*Try it:*
Retype the listing below exactly, pictures removed.

Given data below:

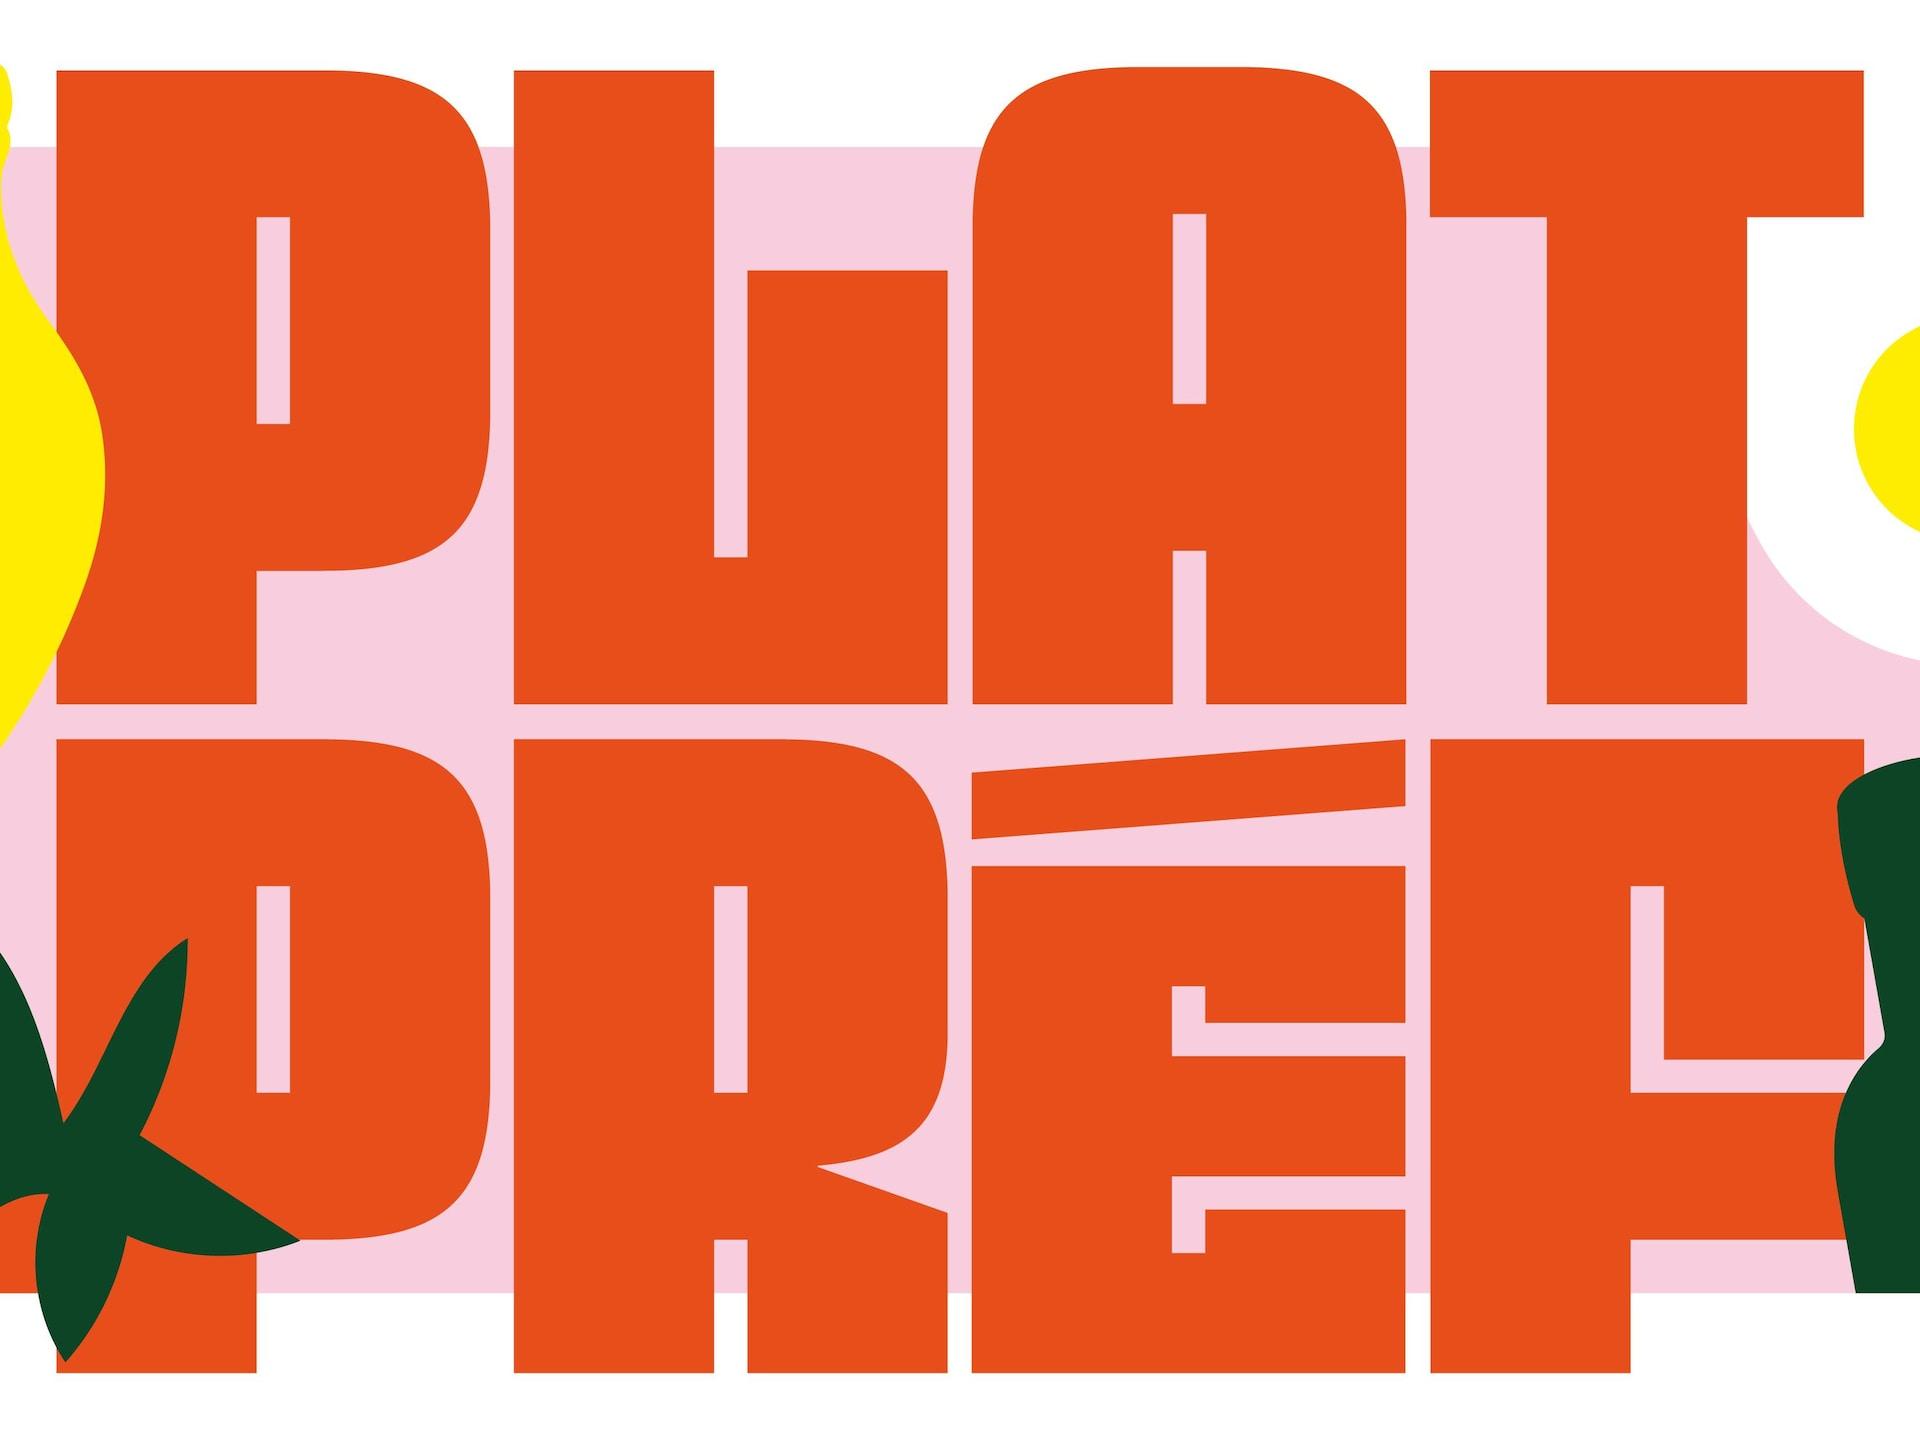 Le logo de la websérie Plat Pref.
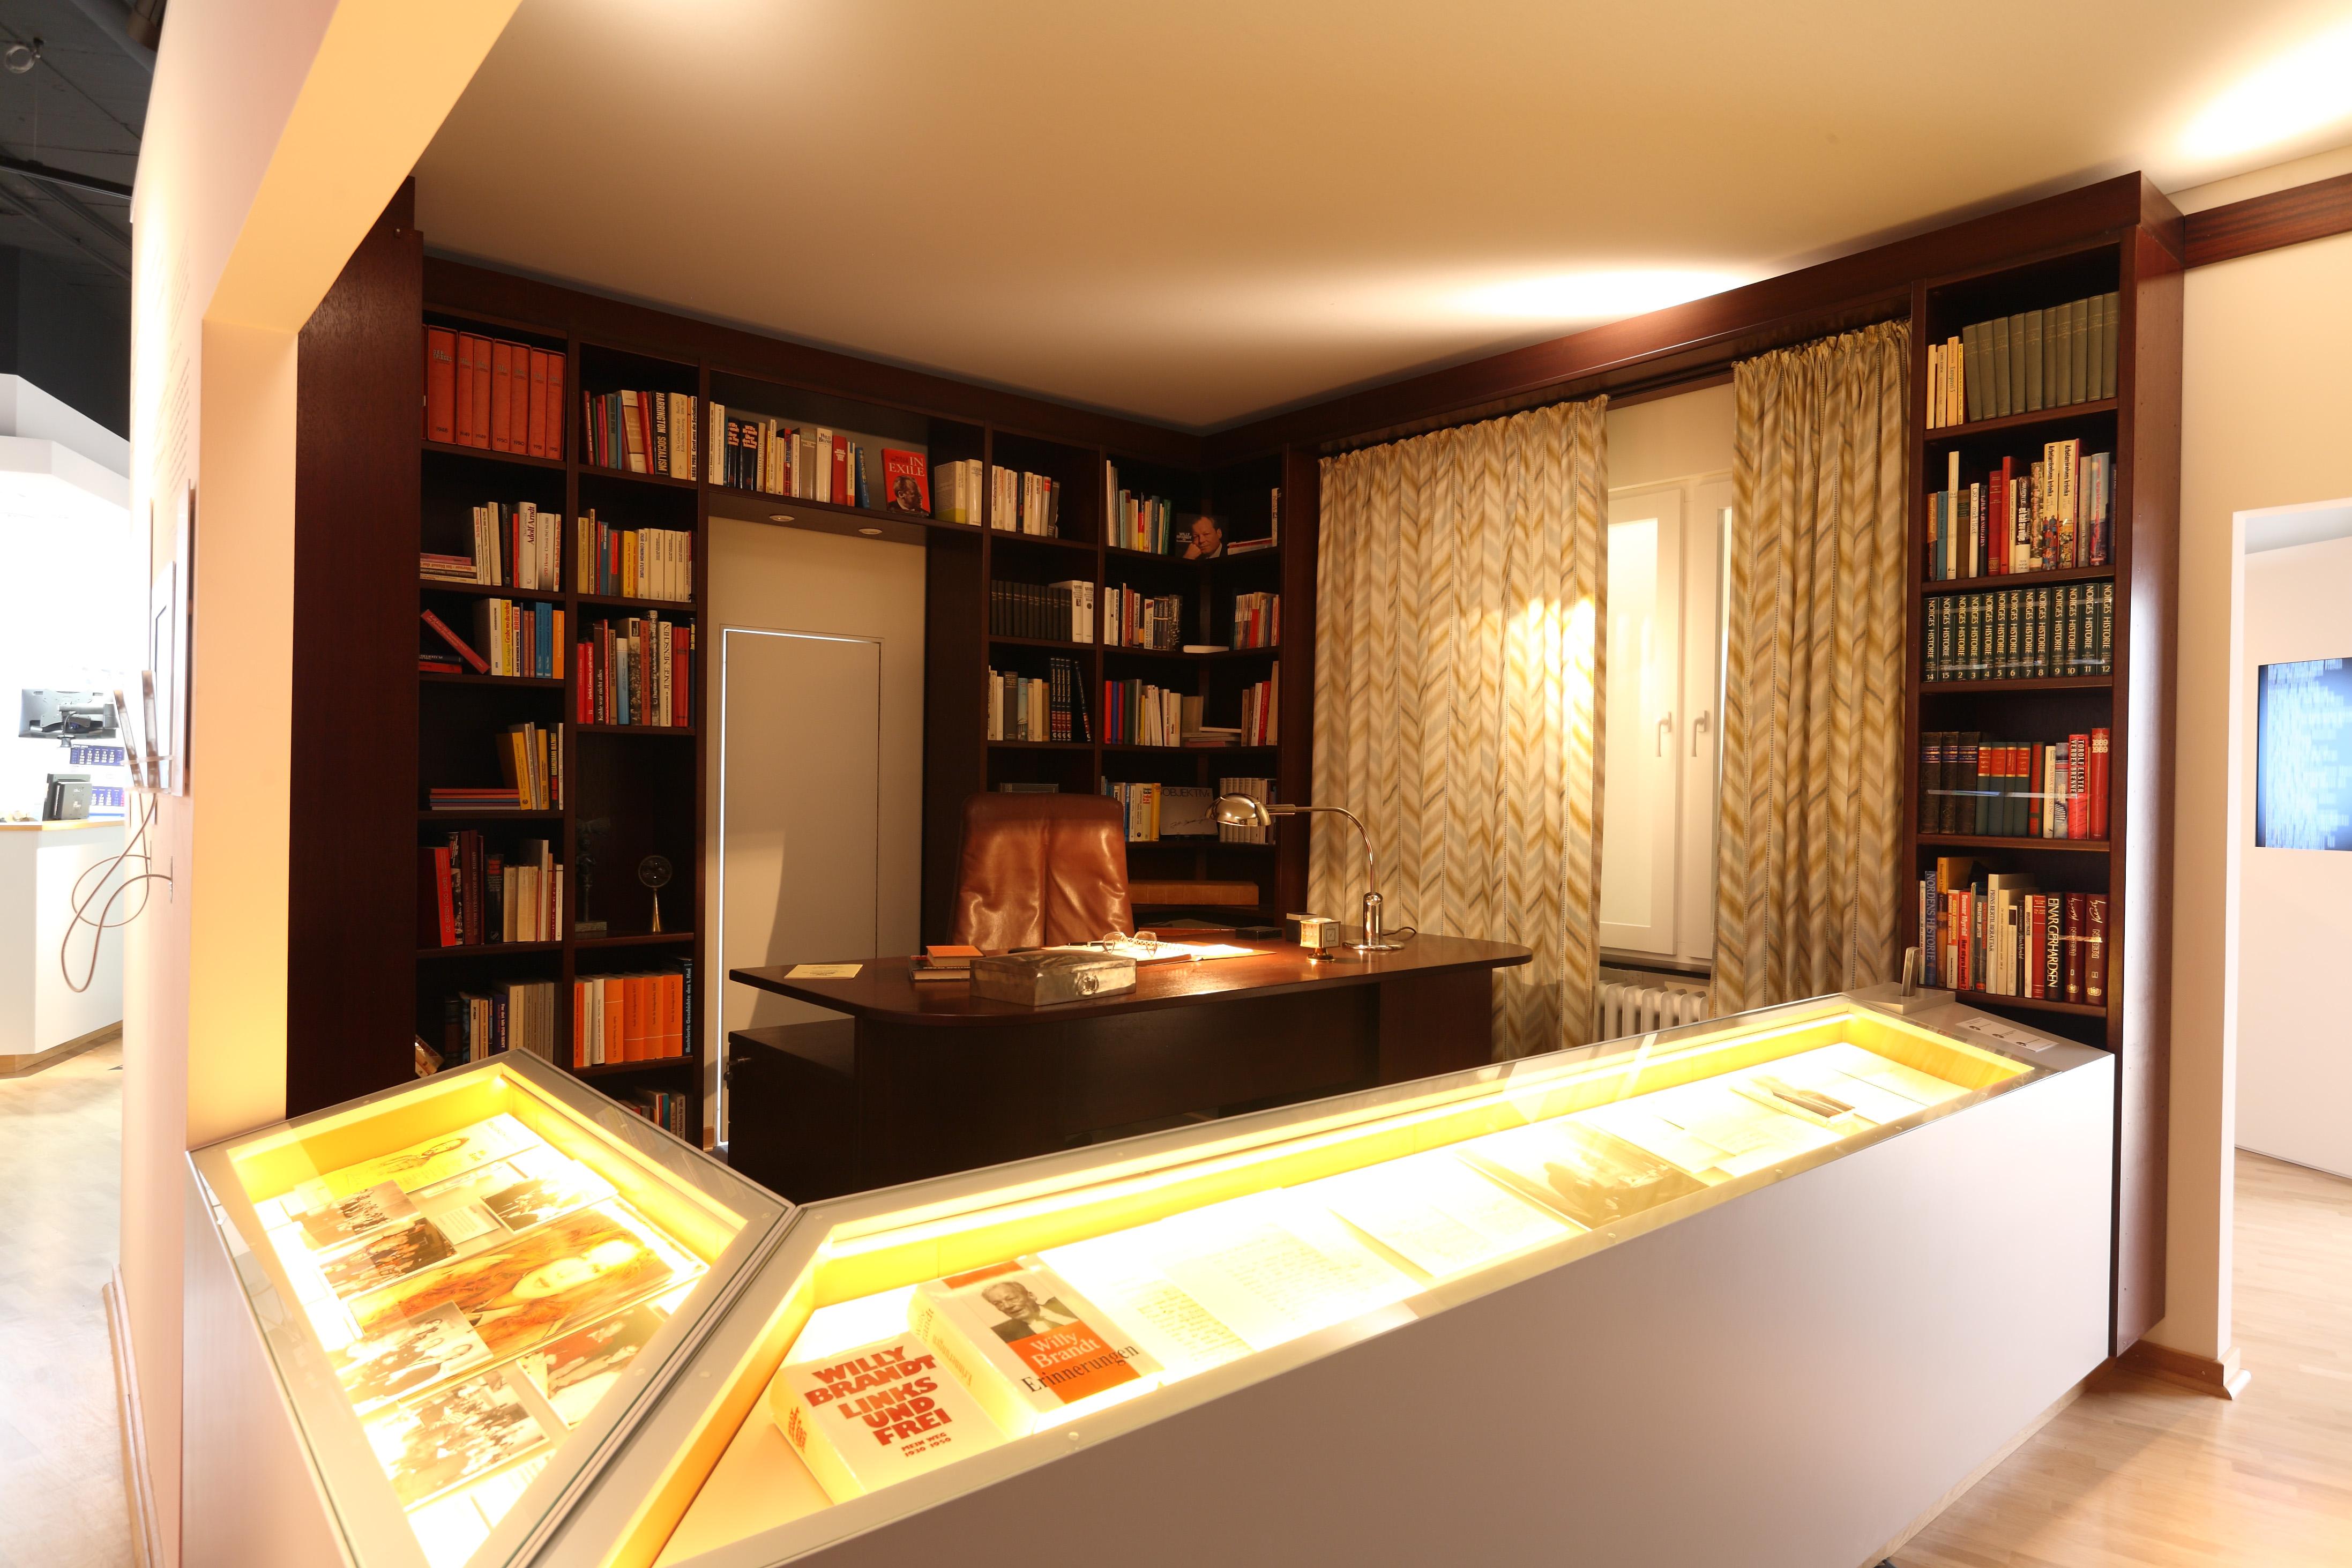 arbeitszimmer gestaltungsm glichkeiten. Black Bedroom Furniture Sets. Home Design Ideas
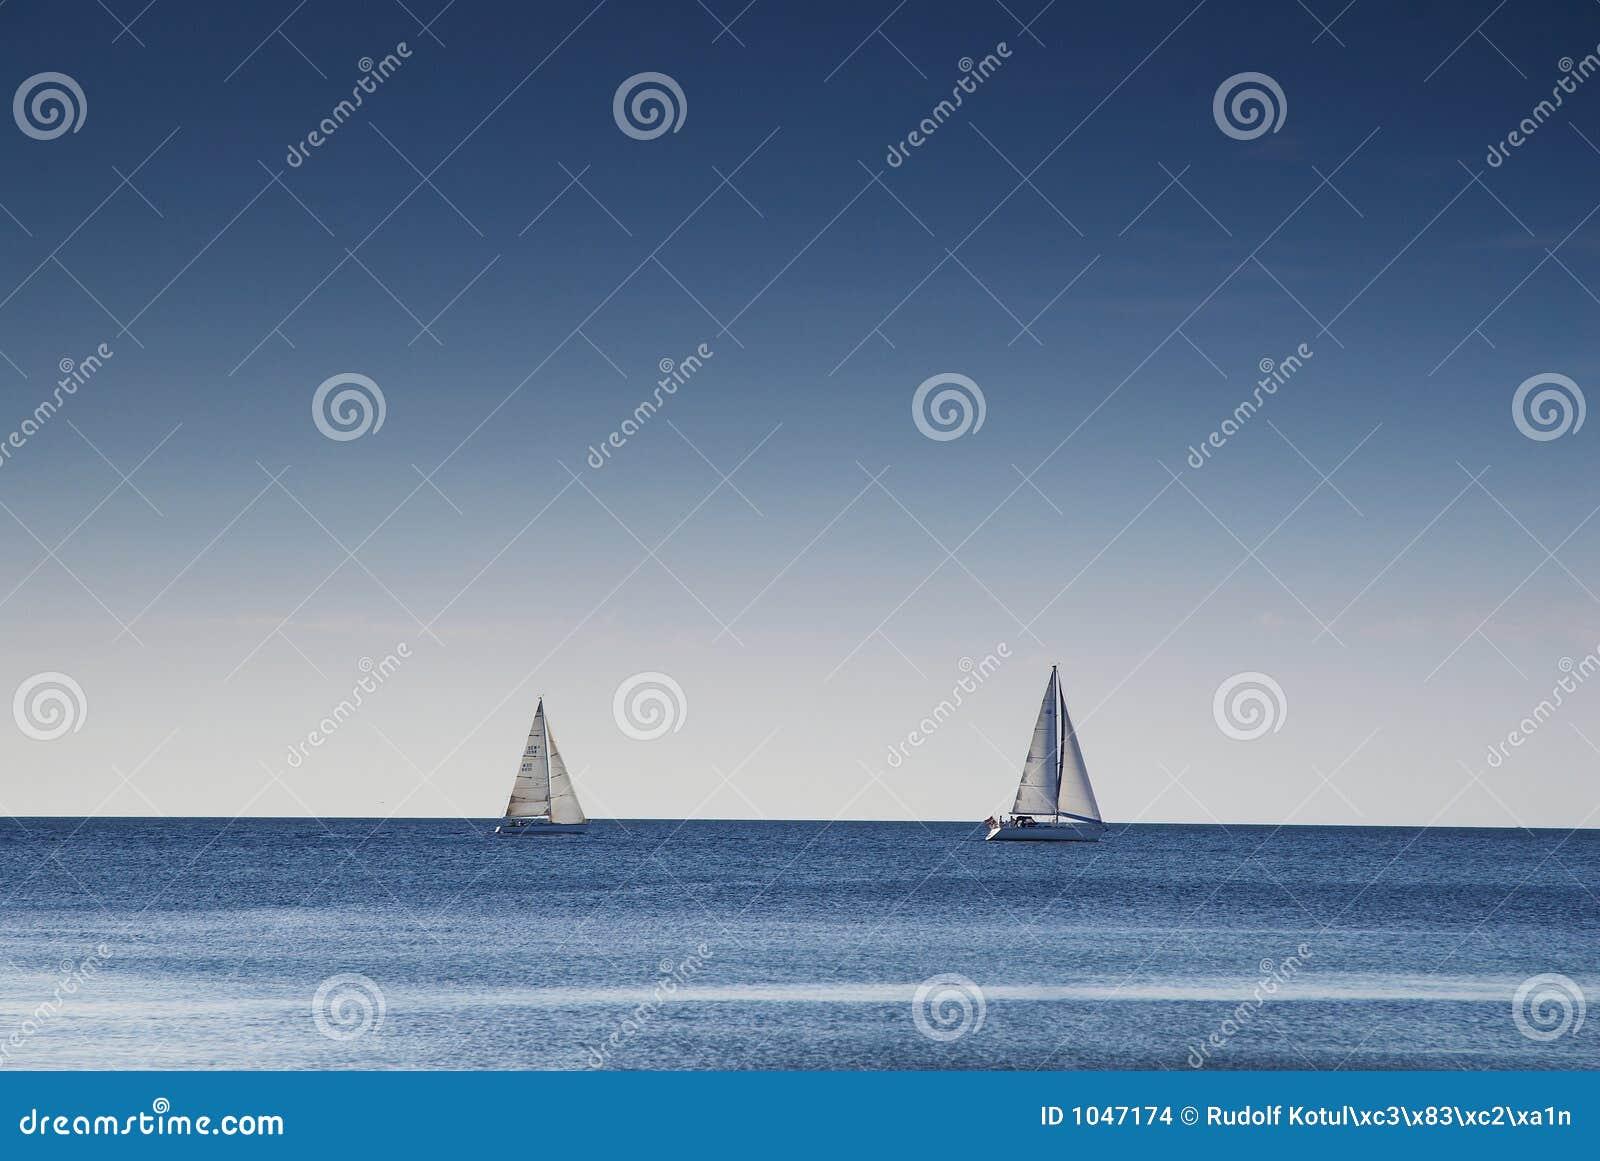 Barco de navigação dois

End of Given data.

*Response below:*
 Le logo de la websérie Plat Pref.
 arbeitszimmer gestaltungsm glichkeiten. Black Bedroom Furniture Sets. Home Design Ideas
 Barco de navigação dois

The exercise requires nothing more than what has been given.